When Kathleen went to bed, she was very surprised to see the two books lying on the floor. “Those are Basil’s! How did they get here?” She picked them up and examined them for clues. Sirius did his best to seem casual. He had carried them as carefully as he knew how and—he hoped—had not left the faintest dent of a toothmark anywhere on them.

Kathleen could not find anything to tell her how the books came to be on her floor. “Oh well,” she said. “We may as well read them before we put them back.”

Sirius grinned widely as he scrambled onto the bed and made himself comfortable. He had known he could trust Kathleen to read the books. She had few books of her own, and a passion for reading. Once, she had even read him a book of Duffie’s on how to make pottery.

She began on the rock-book, because it was on top. “Schist and gneiss,” Kathleen read, “are igneous formations of the Pre-Cambrian era. Oh, Leo, I don’t think this is very interesting. Metamorphic rocks of high mineral content are to be found as follows—Leo, I don’t know how to say half of this. Shall we try the other book instead?”

She picked up the galaxy-book. It was written in slightly easier words and soon had both of them fascinated. Kathleen was awed and amazed at the thought of stars and planets wheeling around through infinite space. Sirius was amazed at how much humans had discovered, sitting on Earth and whizzing around once every day. They had contrived to measure this, record that and calculate what they could not see. They had a picture of the universe which bore about as much relation to the universe Sirius knew as a Police Identikit picture did to a real person. But he was astonished they had a picture at all.

“It’s about luminaries,” he explained to Tibbles, when she came through the window to join them. “Do you know about them?”

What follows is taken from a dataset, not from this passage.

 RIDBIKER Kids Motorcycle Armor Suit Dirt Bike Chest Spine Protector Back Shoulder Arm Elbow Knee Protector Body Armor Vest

“The bright people who come and talk to our Sun sometimes?” she said. “They’re a bit big to notice me. I’d have to be as big as Earth before I could get to know them. And I don’t understand the language anyway. Does the Earth count as one of them?”

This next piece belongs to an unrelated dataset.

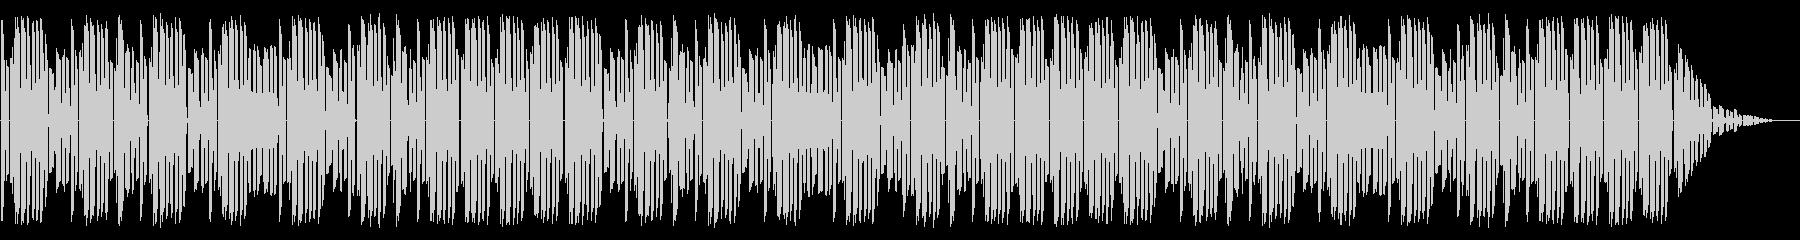 NES STG B02-1(ステージ) の未再生の波形
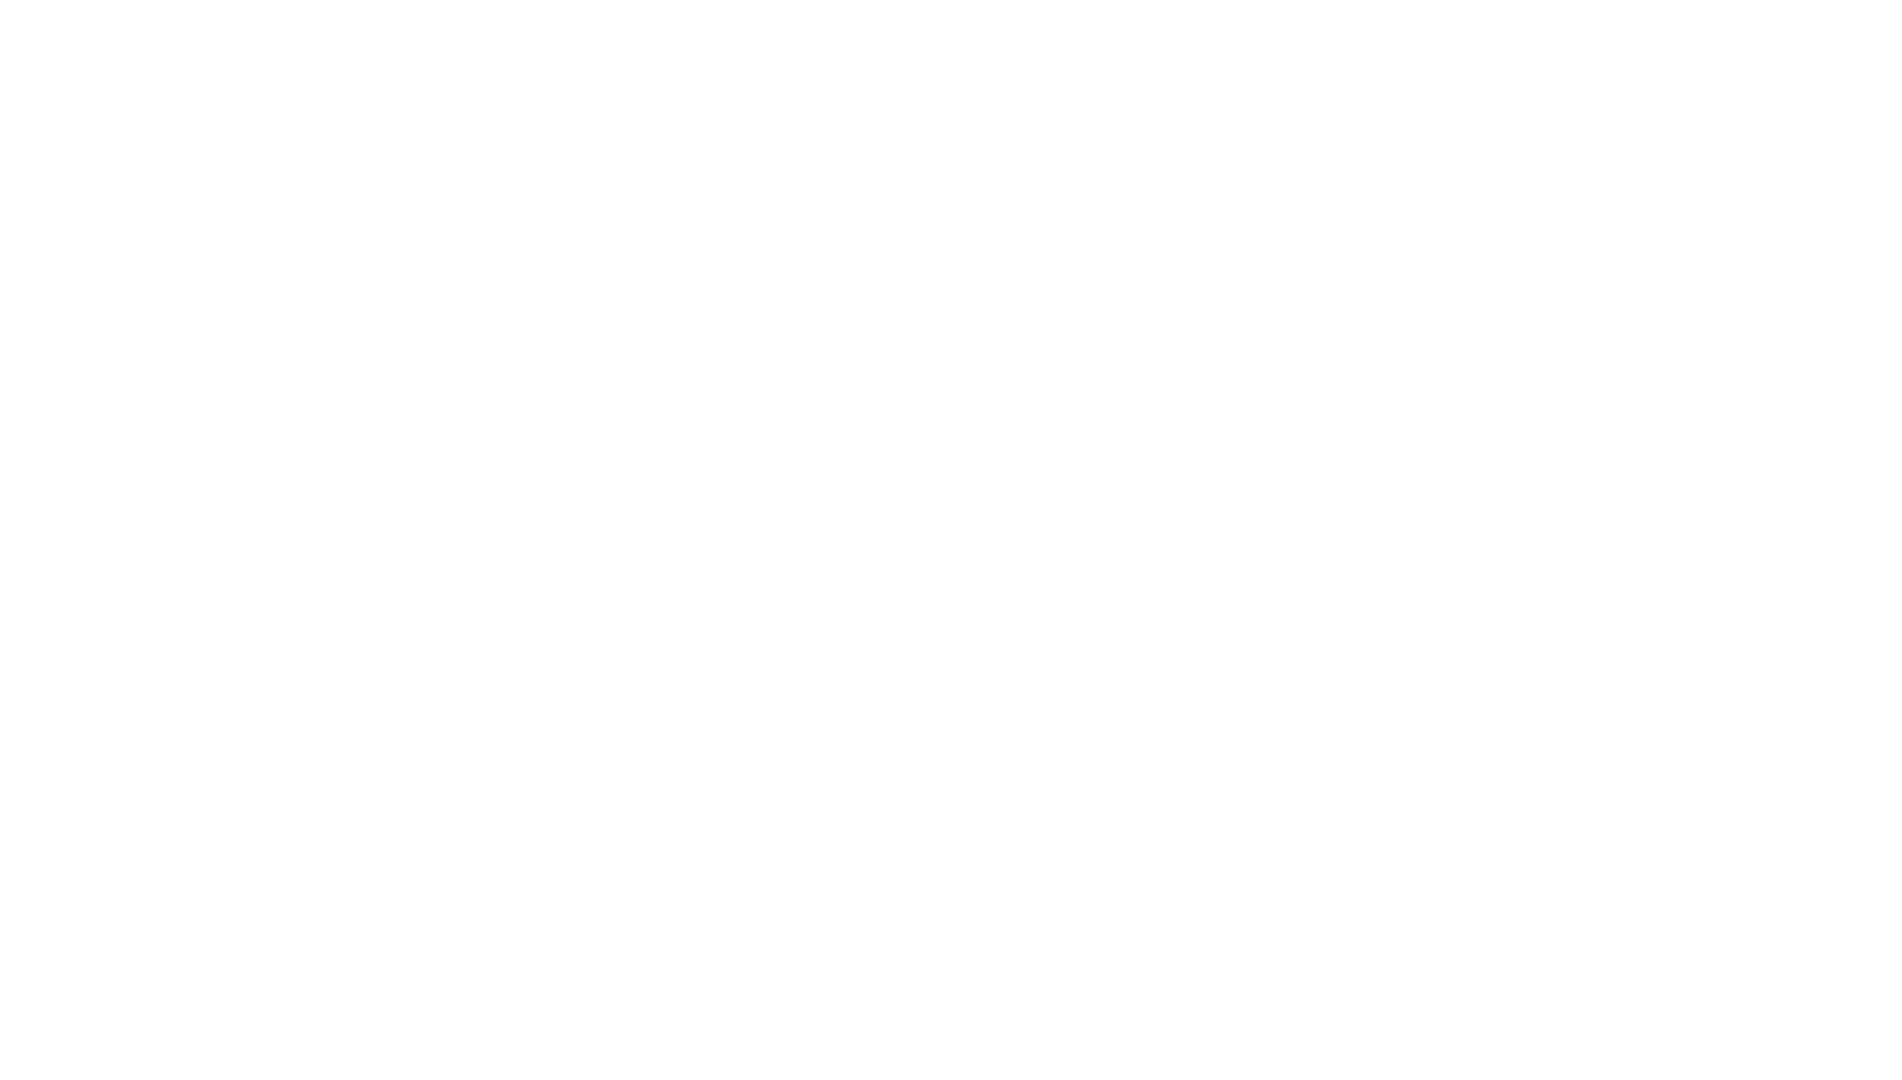 Method_01

“Earth is a planet,” Sirius told her. “It spins round the sun.”

“That accounts for it,” Tibbles said, humping up into a tuffet under Sirius’s nose. “The top of my back itches. Just along my spine.”

“Accounts for what?” Sirius asked, licking obligingly.

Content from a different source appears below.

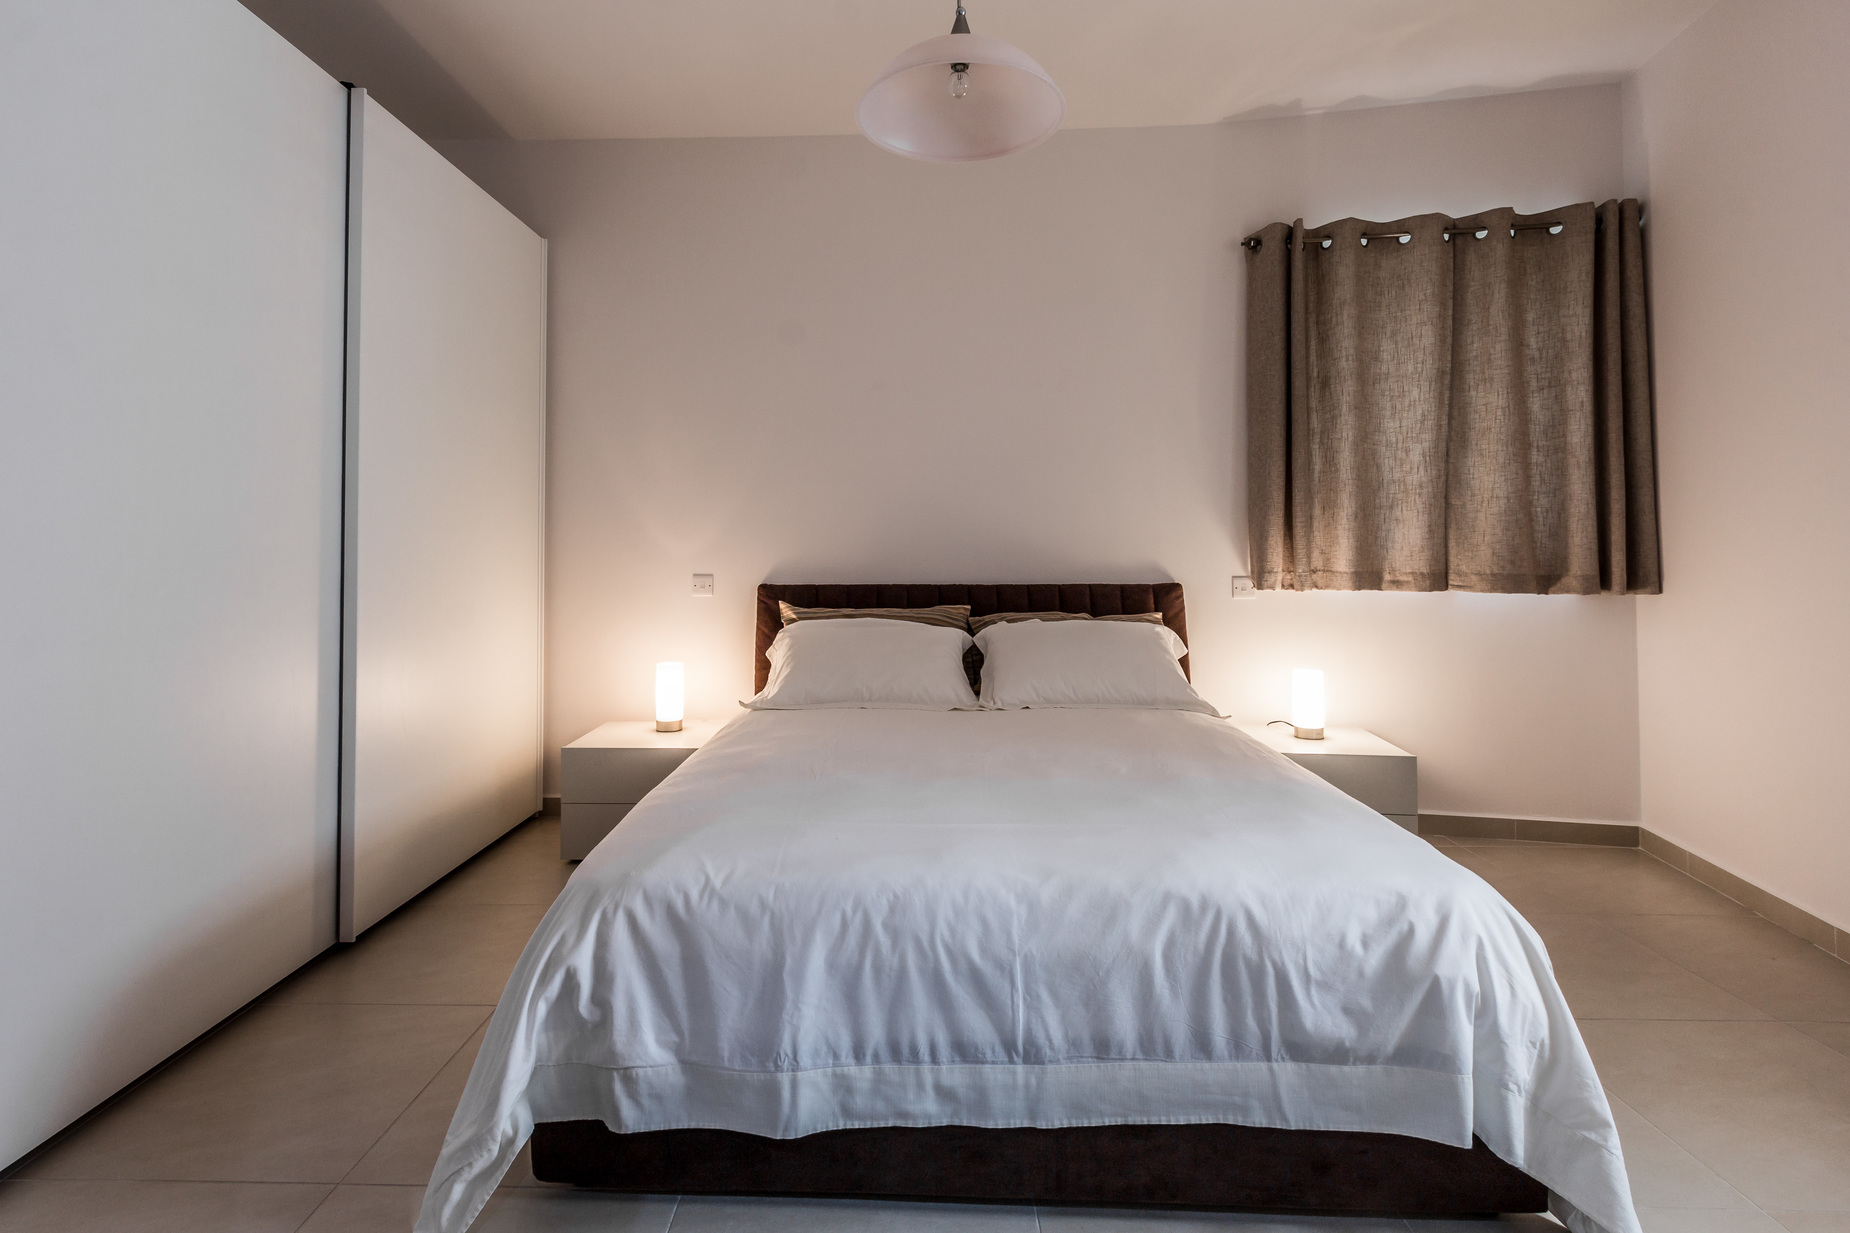 2 bed Apartment For Rent in Marsascala, Marsascala - thumb 10

“The way Earth speaks our languages,” said Tibbles. “I knew that it must be different.”

“Do listen to this, Leo!” Kathleen cried out. “It’s about the Dog Star. Sirius, Alpha Canis Major, often called the Dog Star, is only some eight and a half light-years distant from our Solar System. Since it is twice as hot as our sun, its brightness and characteristic green color make it a notable object in our winter sky. Why didn’t I know that before? I should have called you Sirius, Leo. It’s exactly right for you. I wish I’d known! You’re in Canis Major—that’s the Great Dog—and that’s Orion’s dog, Leo. I knew about Orion, too! My daddy showed me Orion’s belt once, when I was little. You’re in the same stardrift as the Great Bear—and us, I think, though it doesn’t say very clearly—and you’re a lovely bright green. Oh—and you’ve got a Companion that’s a white dwarf, about half the size of our sun. Tibbles, you must be his Companion.”

Sirius could not avoid sighing heavily. Someone from Castor had his green sphere now, and his Companion too.

“Don’t be sad,” said Kathleen. “I was just joking. It’s far too late to change your name now. You’re still Leo.”

She went on to read of the other stars. Sirius sighed once or twice more, as he recognized friends of his from the book’s descriptions: Betelgeuse, Procyon, Canopus and Aldebaran, Rigel, Dubhe, Mizar and Phad. He wondered if he would ever see them again. But he was glad to see, from the way the book talked, that Basil was unlikely to have learned anything helpful about Zoi. The people who wrote the book might be able to measure spheres, and their effulgence, and their distance apart, but they seemed to think they were as lifeless and mechanical as the marbles Robin sometimes rolled around the yard.